"""
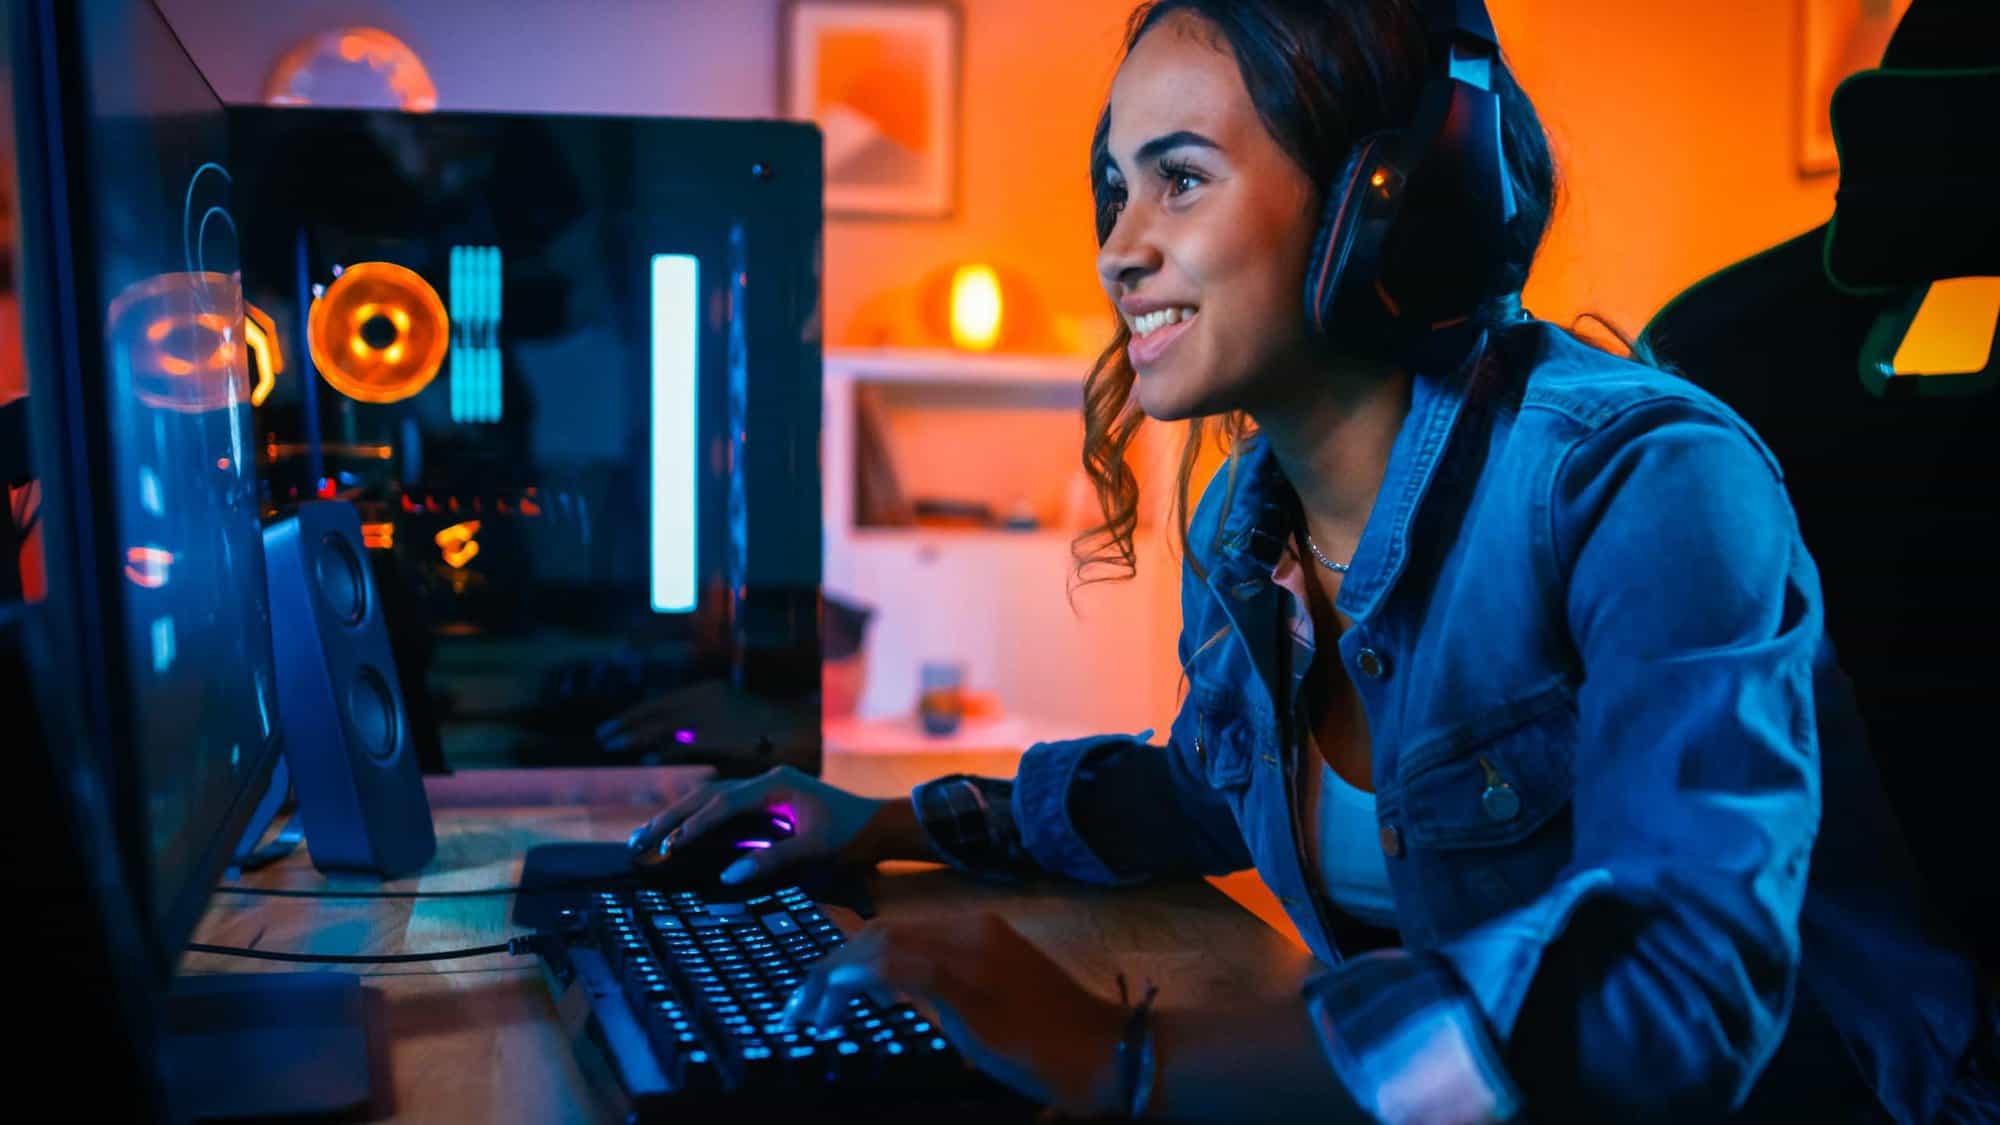 Ciberatleta cria associação de apoio às mulheres nos jogos eletrônicos -  22/10/2021 - UOL Universa
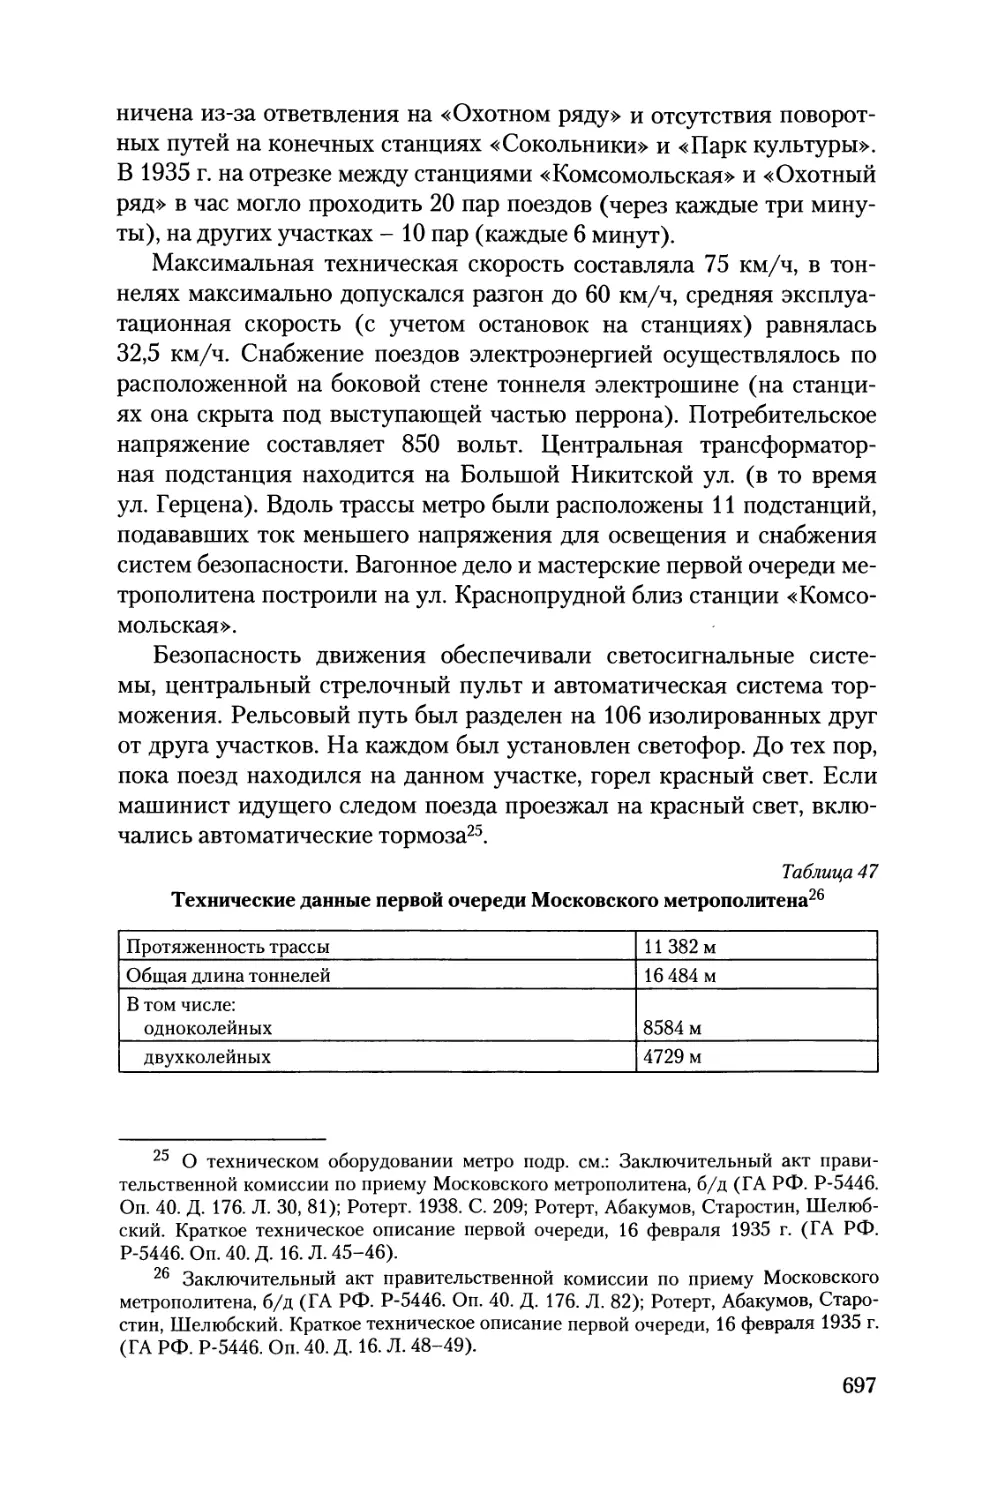 Приложение II. Секретные линии и военные функции московского метро
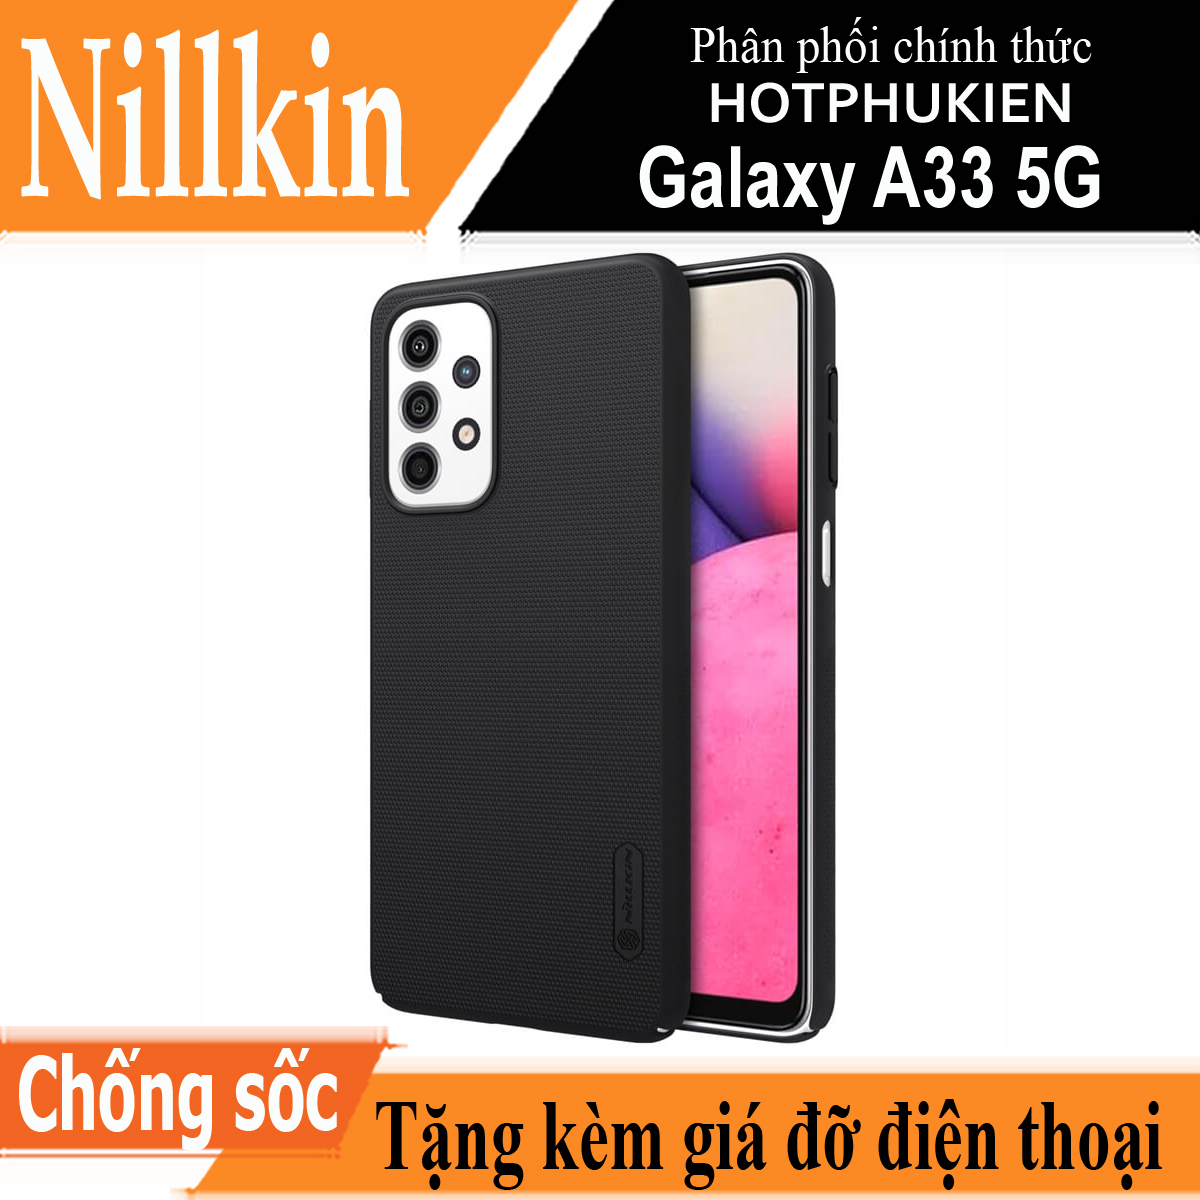 Ốp Lưng Sần chống sốc cho Samsung Galaxy A33 5G hiệu Nillkin Super Frosted Shield
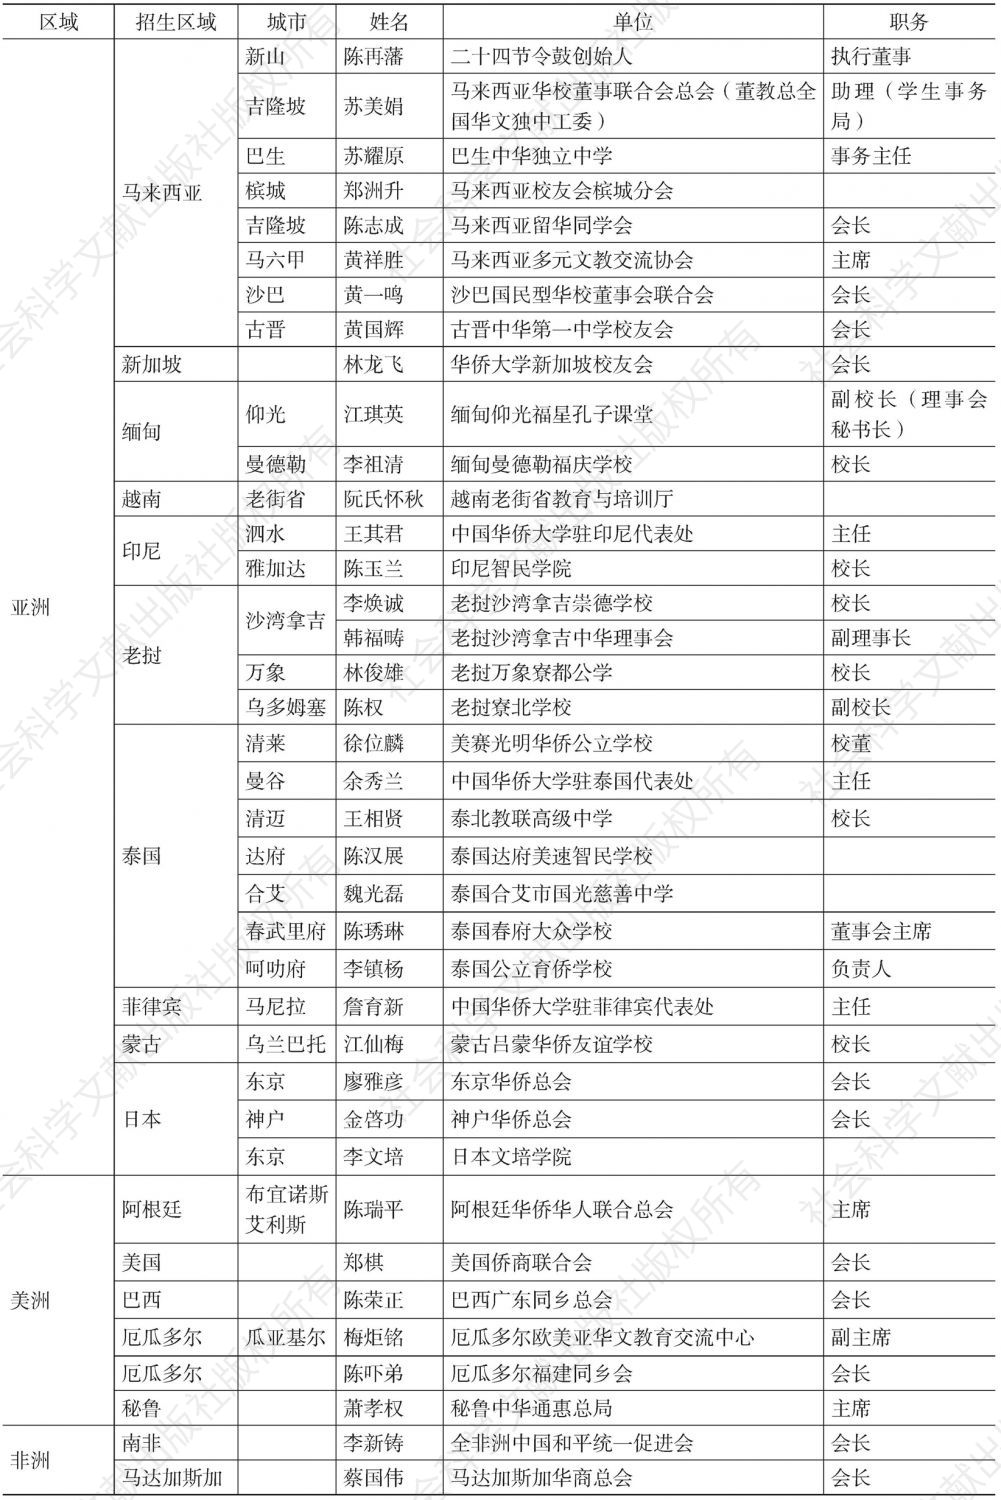 华侨大学海外招生处分布与负责人（本表含2014年度数据）-续表1
"""
Exercise prompt - Pictures stay out. Write out everything else in the material exactly.

Exercise solution -
 Ciberatleta cria associação de apoio às mulheres nos jogos eletrônicos -  22/10/2021 - UOL Universa
 Приложение II. Секретные линии и военные функции московского метро
 Ốp Lưng Sần chống sốc cho Samsung Galaxy A33 5G hiệu Nillkin Super Frosted Shield
 华侨大学海外招生处分布与负责人（本表含2014年度数据）-续表1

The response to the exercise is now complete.